In a multi-node ZooKeeper installation, one of the nodes is designated as the leader. All other ZooKeeper nodes are designated as followers. While reads can happen from any ZooKeeper node, all write requests get forwarded to the leader. For example, a new Message Processor is added to Edge.

Is ZooKeeper worth it? ›

Rewards of the job:

Having a close relationship and contact with amazing animals. It is rewarding when the animals recognize you. Having a physical job with a lot of time spent outdoors (not at a desk)! It is fun to talk to people interested in animals and to teach people about endangered species and conservation.

Does ZooKeeper use TCP? ›

Clients connect to a single ZooKeeper server. The client maintains a TCP connection through which it sends requests, gets responses, gets watch events, and sends heart beats. If the TCP connection to the server breaks, the client will connect to a different server.

What is the sync limit in ZooKeeper? ›

syncLimit. Maximum number of ticks for the followers to wait to synchronize with the leader before the followers time out. Default is 5.

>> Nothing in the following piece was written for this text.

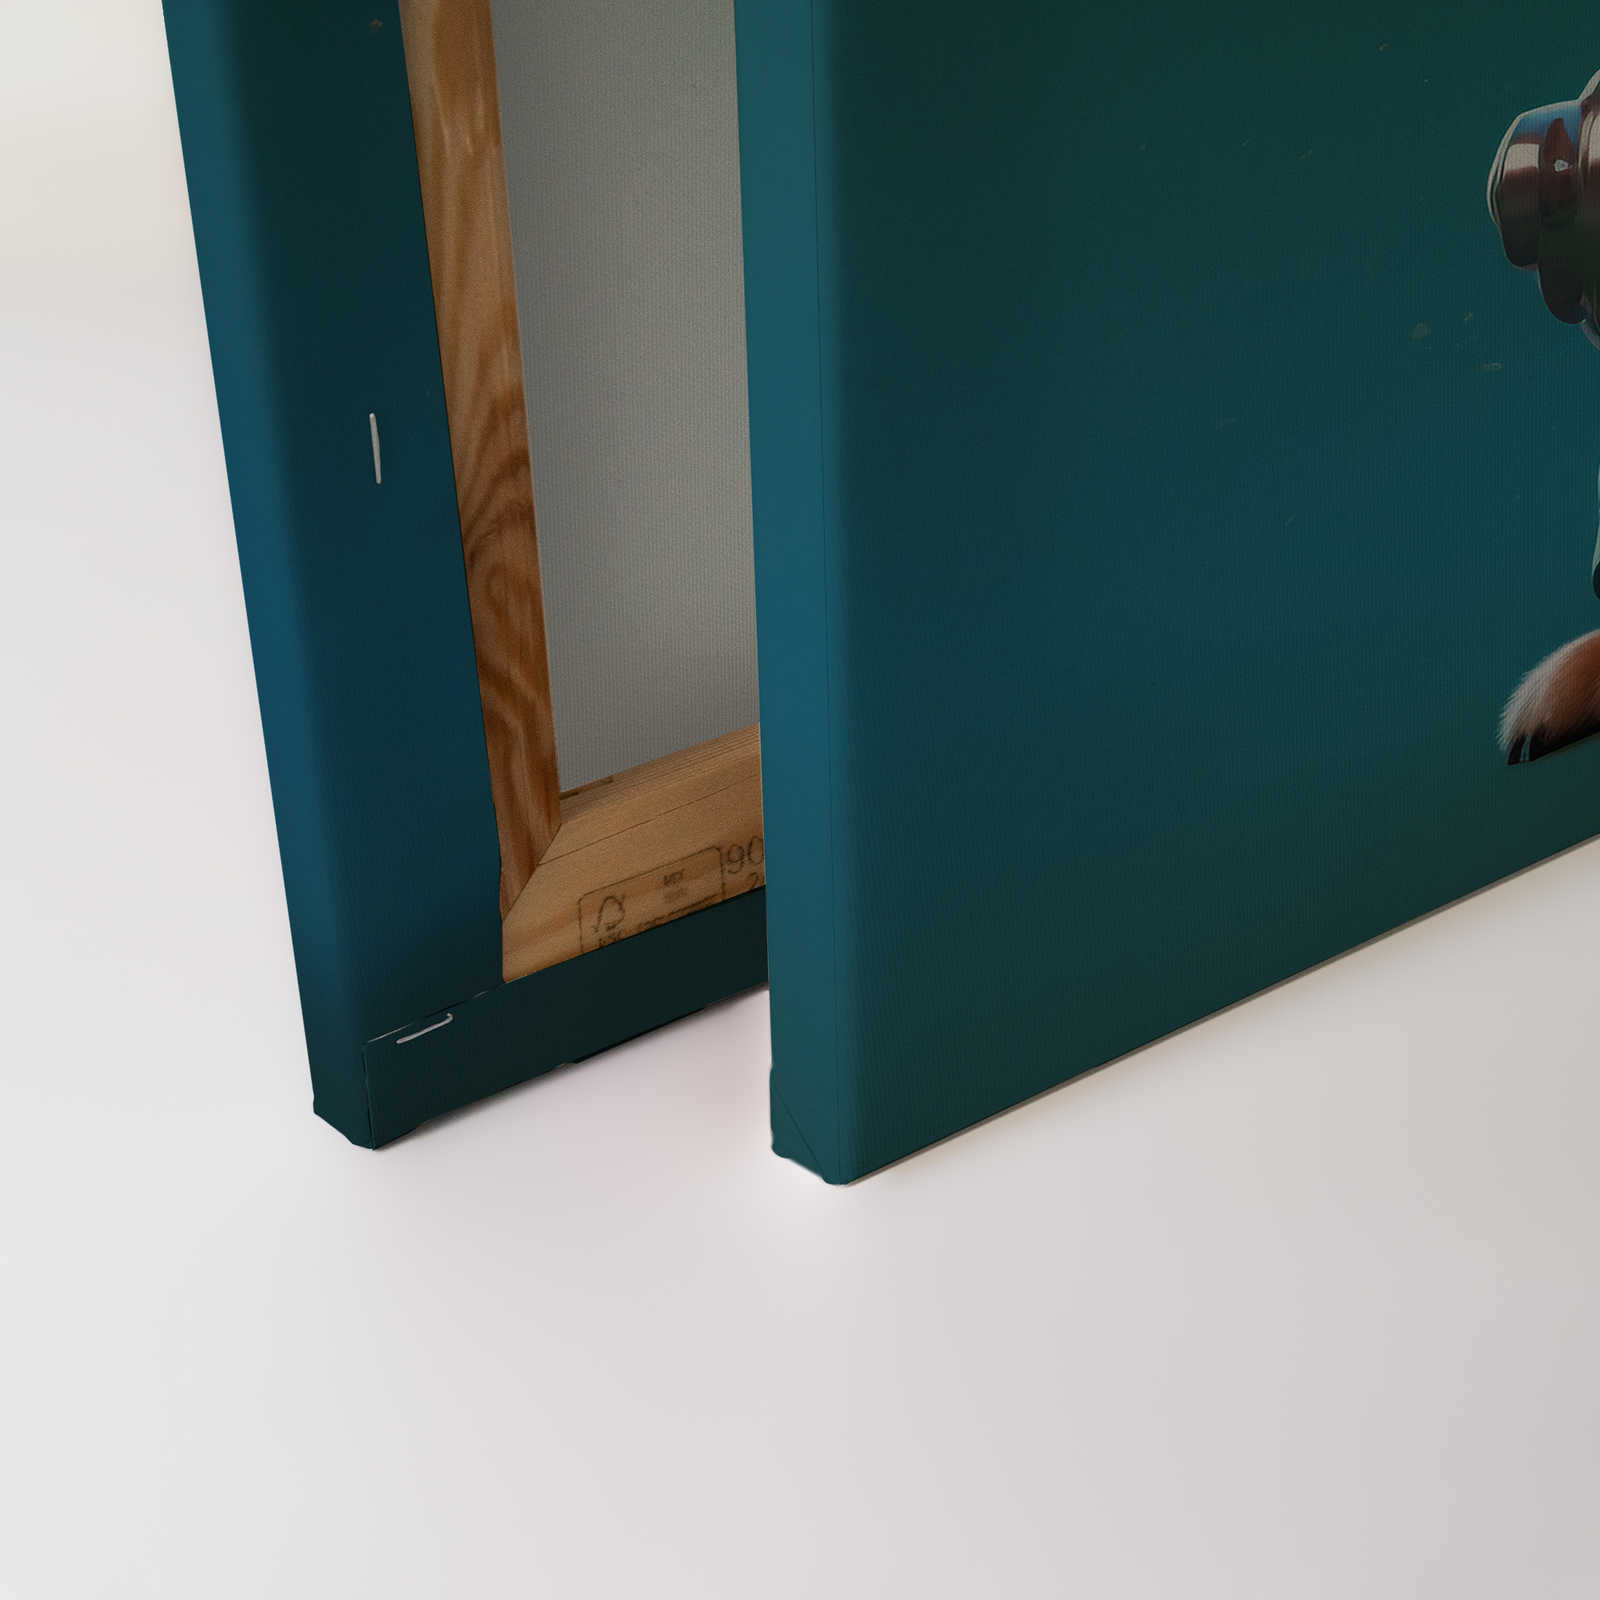             KI-Leinwandbild »Cute Dogs« – 120 cm x 80 cm
        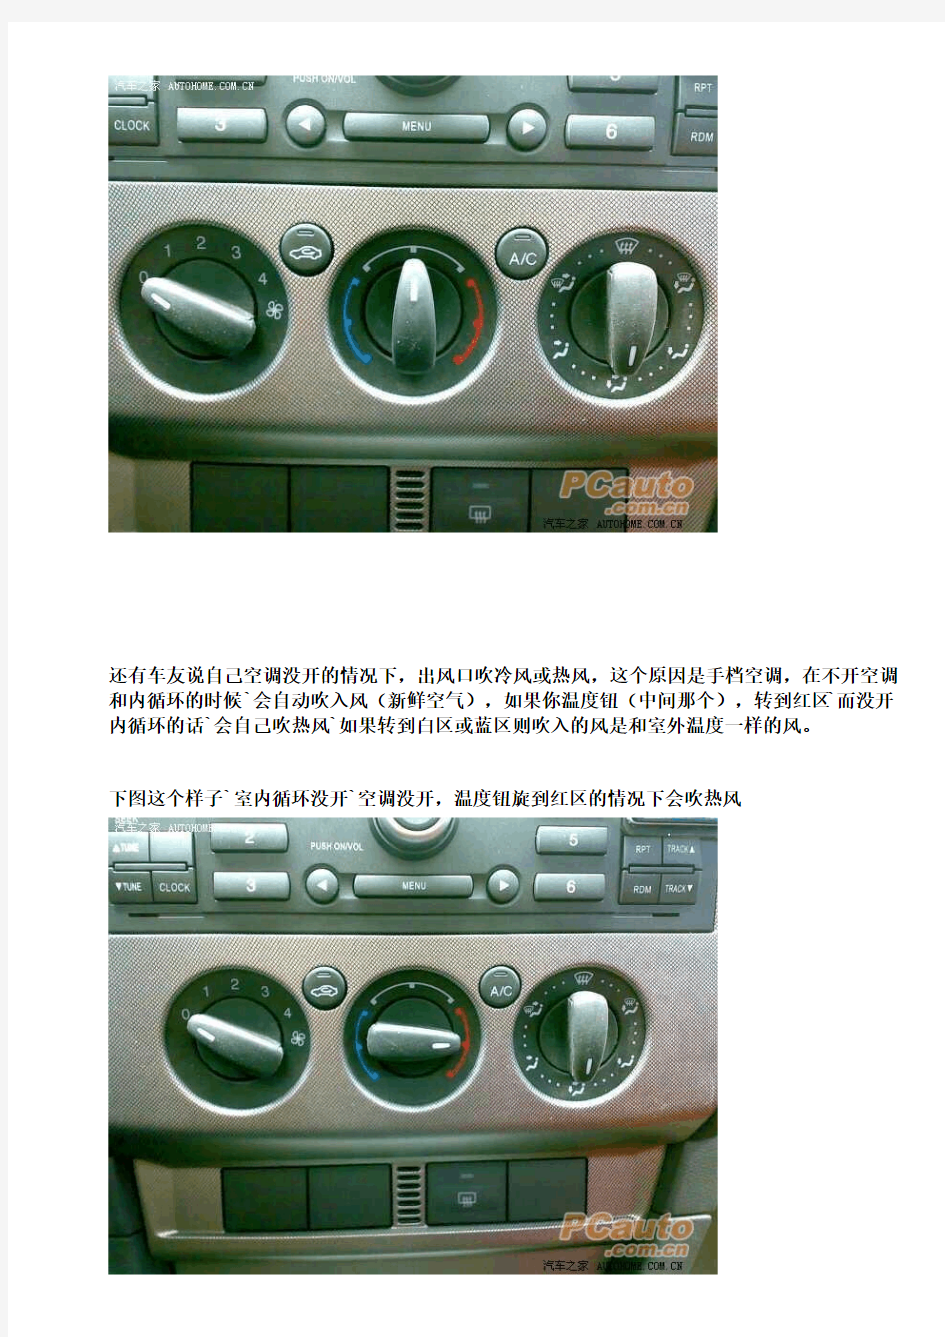 【转】汽车手动式空调的使用方法(福克斯为例)

What is the zookeepers problem? ›

The zoo-keeper's problem is to find the shortest closed path starting at p and touching at least one point of each cage, see Fig. 1.

Why ZooKeeper was replaced with KRaft? ›

KRaft is based on the Raft consensus protocol and addresses several potential failures in large Kafka clusters. Moving away from ZooKeeper simplifies Kafka's architecture and removes the need for deploying two separate distributed systems to be fully operational.

What animal does the most damage to zookeepers? ›

Elephants are statistically the most dangerous animals to keep in captivity. Interactions with captive elephants are responsible for more zookeeper deaths than those involving any other captive animal.

References

Top Articles
Latest Posts
Article information

Author: Rueben Jacobs

Last Updated:

Views: 5494

Rating: 4.7 / 5 (77 voted)

Reviews: 92% of readers found this page helpful

Author information

Name: Rueben Jacobs

Birthday: 1999-03-14

Address: 951 Caterina Walk, Schambergerside, CA 67667-0896

Phone: +6881806848632

Job: Internal Education Planner

Hobby: Candle making, Cabaret, Poi, Gambling, Rock climbing, Wood carving, Computer programming

Introduction: My name is Rueben Jacobs, I am a cooperative, beautiful, kind, comfortable, glamorous, open, magnificent person who loves writing and wants to share my knowledge and understanding with you.